**TASK STATEMENT:**
Reproduce all the lines below exactly and omit the images.

**DATASET SECTION:**
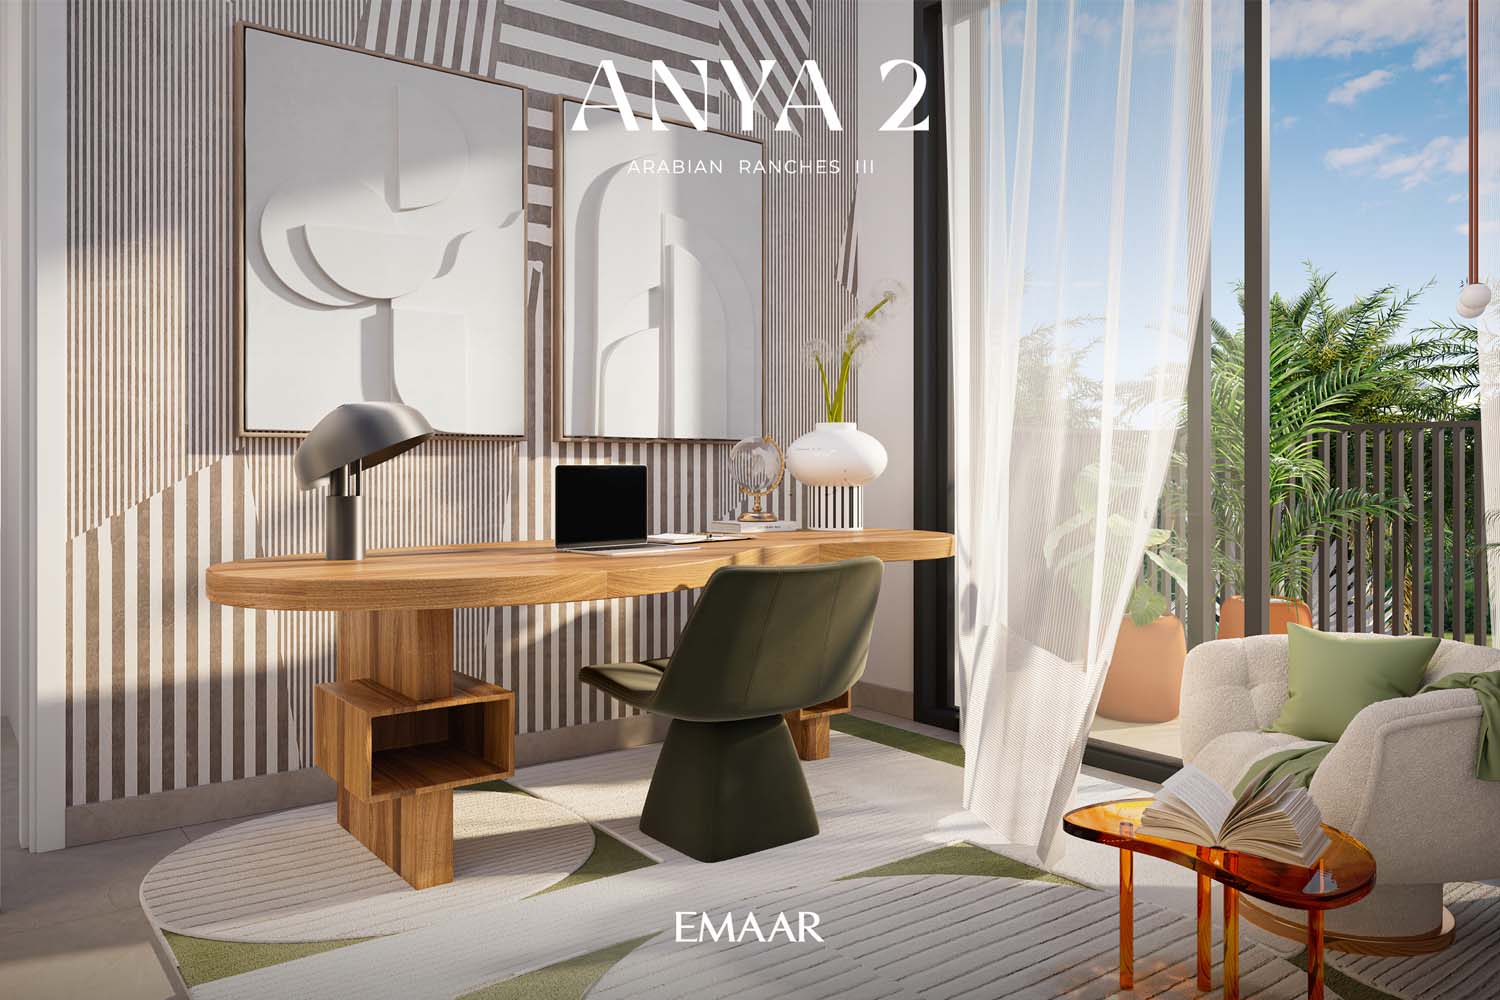 latest-project-in-dubai-anya-2-in-arabian-ranches-iii-for-sale-in-arabian-ranches-3
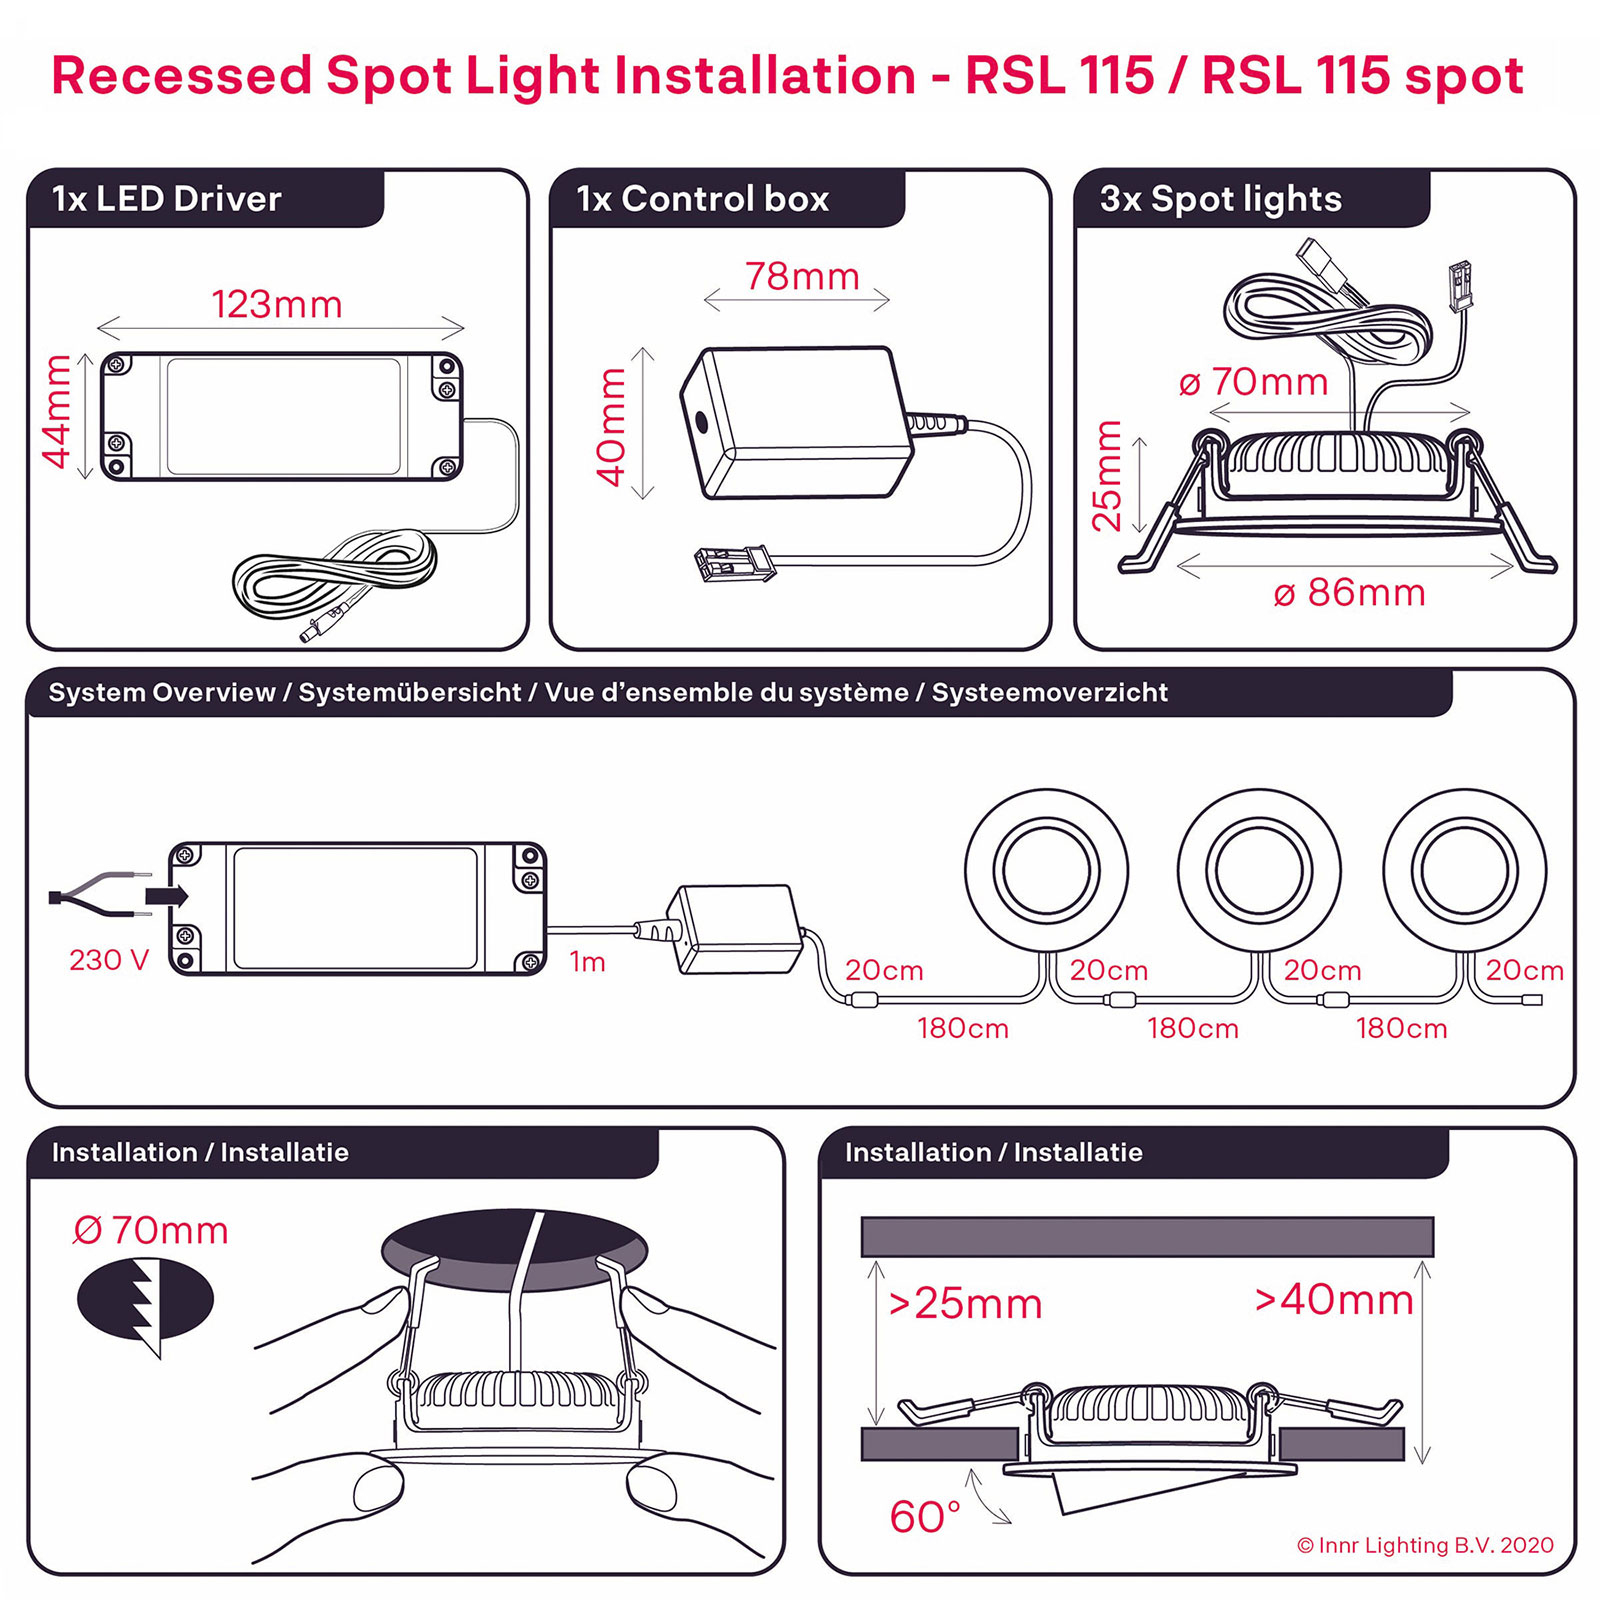 Innr LED-Einbauspot RSL 115, 3er-Set mit Anschluss
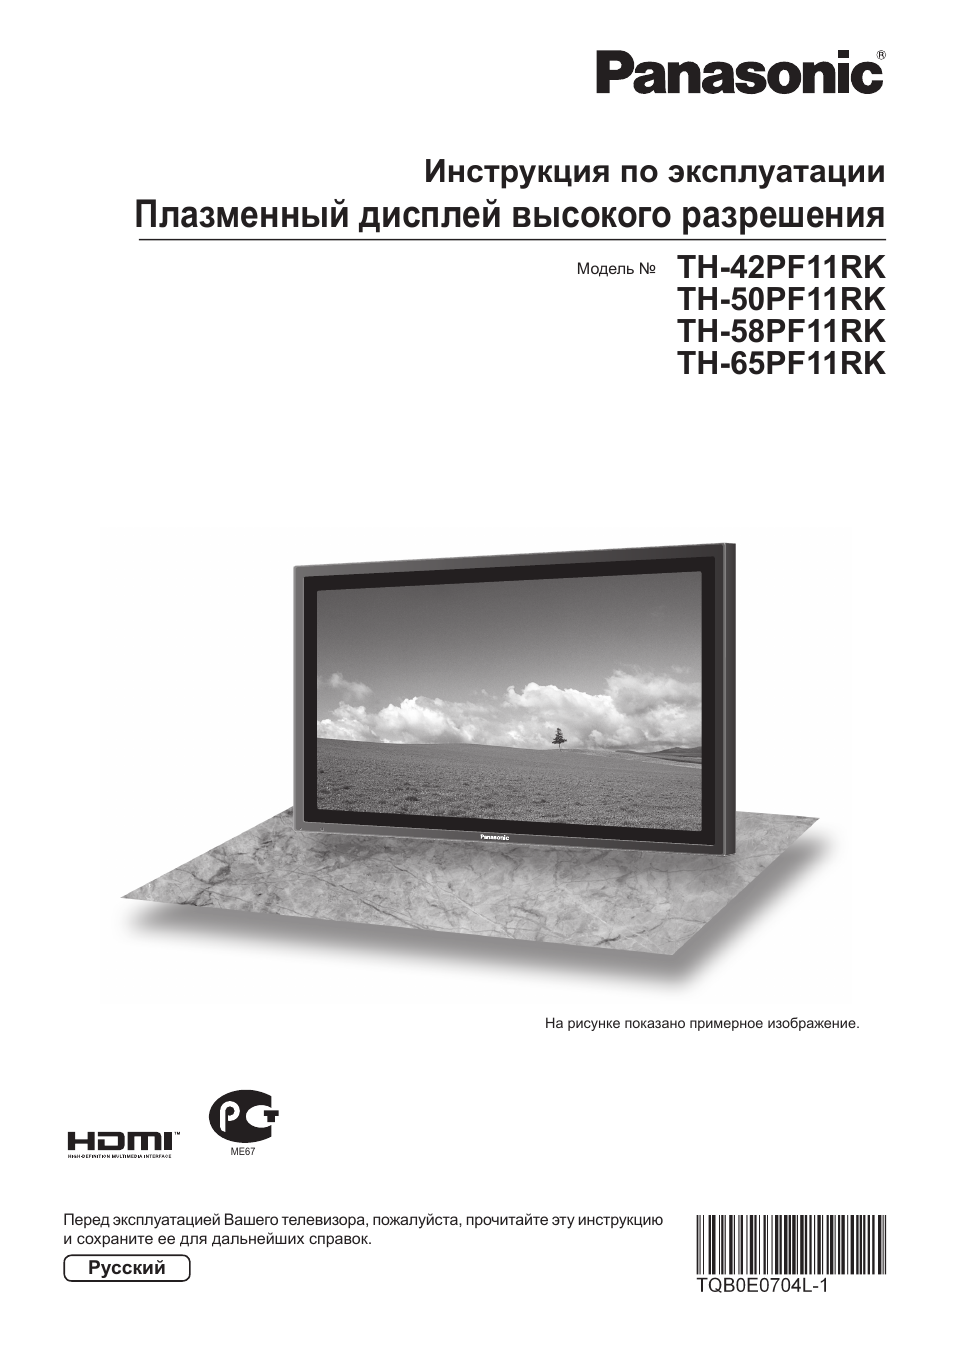 Инструкция по эксплуатации Panasonic TH-50PF11RK | 56 страниц

**SOLUTION:**
 latest-project-in-dubai-anya-2-in-arabian-ranches-iii-for-sale-in-arabian-ranches-3
 Innr LED-Einbauspot RSL 115, 3er-Set mit Anschluss
 Инструкция по эксплуатации Panasonic TH-50PF11RK | 56 страниц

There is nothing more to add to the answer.